* [WHAT THIS TASK INVOLVES] The reply should consist of the full listing, repeated word for word.

* [PROVIDED ENTRIES]
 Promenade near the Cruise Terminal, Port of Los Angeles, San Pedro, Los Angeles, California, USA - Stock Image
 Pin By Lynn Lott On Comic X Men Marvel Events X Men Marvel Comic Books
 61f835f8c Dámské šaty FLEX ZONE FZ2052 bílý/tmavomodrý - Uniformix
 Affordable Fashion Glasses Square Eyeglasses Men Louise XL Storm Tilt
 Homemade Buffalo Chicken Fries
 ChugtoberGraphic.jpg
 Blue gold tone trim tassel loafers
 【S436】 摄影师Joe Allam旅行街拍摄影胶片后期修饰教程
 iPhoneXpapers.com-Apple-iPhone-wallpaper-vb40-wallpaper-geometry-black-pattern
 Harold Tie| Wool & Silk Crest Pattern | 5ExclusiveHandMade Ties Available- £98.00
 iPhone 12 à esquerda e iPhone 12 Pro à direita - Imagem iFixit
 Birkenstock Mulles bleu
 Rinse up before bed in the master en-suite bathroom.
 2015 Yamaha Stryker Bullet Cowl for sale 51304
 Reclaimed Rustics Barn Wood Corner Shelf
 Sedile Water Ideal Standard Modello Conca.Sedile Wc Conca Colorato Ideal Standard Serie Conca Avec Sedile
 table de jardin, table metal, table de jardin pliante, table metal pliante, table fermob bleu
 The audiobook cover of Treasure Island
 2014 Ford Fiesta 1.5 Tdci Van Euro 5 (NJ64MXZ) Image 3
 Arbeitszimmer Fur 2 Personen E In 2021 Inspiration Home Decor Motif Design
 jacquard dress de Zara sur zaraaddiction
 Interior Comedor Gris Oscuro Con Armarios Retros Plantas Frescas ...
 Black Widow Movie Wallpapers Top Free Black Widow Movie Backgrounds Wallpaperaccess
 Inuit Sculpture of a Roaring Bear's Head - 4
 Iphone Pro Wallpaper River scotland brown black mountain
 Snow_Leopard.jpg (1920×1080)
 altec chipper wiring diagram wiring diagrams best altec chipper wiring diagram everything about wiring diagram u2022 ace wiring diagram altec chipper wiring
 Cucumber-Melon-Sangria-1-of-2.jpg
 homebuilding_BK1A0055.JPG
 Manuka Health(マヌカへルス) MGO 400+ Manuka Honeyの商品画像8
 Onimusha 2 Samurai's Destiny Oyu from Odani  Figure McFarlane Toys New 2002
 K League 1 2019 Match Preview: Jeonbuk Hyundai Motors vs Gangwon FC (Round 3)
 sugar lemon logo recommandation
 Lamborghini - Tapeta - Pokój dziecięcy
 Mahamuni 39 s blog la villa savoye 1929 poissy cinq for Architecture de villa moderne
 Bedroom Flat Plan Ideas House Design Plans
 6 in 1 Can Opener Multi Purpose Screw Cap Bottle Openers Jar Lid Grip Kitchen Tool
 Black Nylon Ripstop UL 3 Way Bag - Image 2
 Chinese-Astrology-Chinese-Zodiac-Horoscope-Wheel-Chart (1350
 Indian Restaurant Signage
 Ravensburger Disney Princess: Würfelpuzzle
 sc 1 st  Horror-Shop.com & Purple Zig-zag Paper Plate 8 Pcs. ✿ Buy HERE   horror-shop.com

* [ANSWER TO THE PROBLEM]
 Promenade near the Cruise Terminal, Port of Los Angeles, San Pedro, Los Angeles, California, USA - Stock Image
 Pin By Lynn Lott On Comic X Men Marvel Events X Men Marvel Comic Books
 61f835f8c Dámské šaty FLEX ZONE FZ2052 bílý/tmavomodrý - Uniformix
 Affordable Fashion Glasses Square Eyeglasses Men Louise XL Storm Tilt
 Homemade Buffalo Chicken Fries
 ChugtoberGraphic.jpg
 Blue gold tone trim tassel loafers
 【S436】 摄影师Joe Allam旅行街拍摄影胶片后期修饰教程
 iPhoneXpapers.com-Apple-iPhone-wallpaper-vb40-wallpaper-geometry-black-pattern
 Harold Tie| Wool & Silk Crest Pattern | 5ExclusiveHandMade Ties Available- £98.00
 iPhone 12 à esquerda e iPhone 12 Pro à direita - Imagem iFixit
 Birkenstock Mulles bleu
 Rinse up before bed in the master en-suite bathroom.
 2015 Yamaha Stryker Bullet Cowl for sale 51304
 Reclaimed Rustics Barn Wood Corner Shelf
 Sedile Water Ideal Standard Modello Conca.Sedile Wc Conca Colorato Ideal Standard Serie Conca Avec Sedile
 table de jardin, table metal, table de jardin pliante, table metal pliante, table fermob bleu
 The audiobook cover of Treasure Island
 2014 Ford Fiesta 1.5 Tdci Van Euro 5 (NJ64MXZ) Image 3
 Arbeitszimmer Fur 2 Personen E In 2021 Inspiration Home Decor Motif Design
 jacquard dress de Zara sur zaraaddiction
 Interior Comedor Gris Oscuro Con Armarios Retros Plantas Frescas ...
 Black Widow Movie Wallpapers Top Free Black Widow Movie Backgrounds Wallpaperaccess
 Inuit Sculpture of a Roaring Bear's Head - 4
 Iphone Pro Wallpaper River scotland brown black mountain
 Snow_Leopard.jpg (1920×1080)
 altec chipper wiring diagram wiring diagrams best altec chipper wiring diagram everything about wiring diagram u2022 ace wiring diagram altec chipper wiring
 Cucumber-Melon-Sangria-1-of-2.jpg
 homebuilding_BK1A0055.JPG
 Manuka Health(マヌカへルス) MGO 400+ Manuka Honeyの商品画像8
 Onimusha 2 Samurai's Destiny Oyu from Odani  Figure McFarlane Toys New 2002
 K League 1 2019 Match Preview: Jeonbuk Hyundai Motors vs Gangwon FC (Round 3)
 sugar lemon logo recommandation
 Lamborghini - Tapeta - Pokój dziecięcy
 Mahamuni 39 s blog la villa savoye 1929 poissy cinq for Architecture de villa moderne
 Bedroom Flat Plan Ideas House Design Plans
 6 in 1 Can Opener Multi Purpose Screw Cap Bottle Openers Jar Lid Grip Kitchen Tool
 Black Nylon Ripstop UL 3 Way Bag - Image 2
 Chinese-Astrology-Chinese-Zodiac-Horoscope-Wheel-Chart (1350
 Indian Restaurant Signage
 Ravensburger Disney Princess: Würfelpuzzle
 sc 1 st  Horror-Shop.com & Purple Zig-zag Paper Plate 8 Pcs. ✿ Buy HERE   horror-shop.com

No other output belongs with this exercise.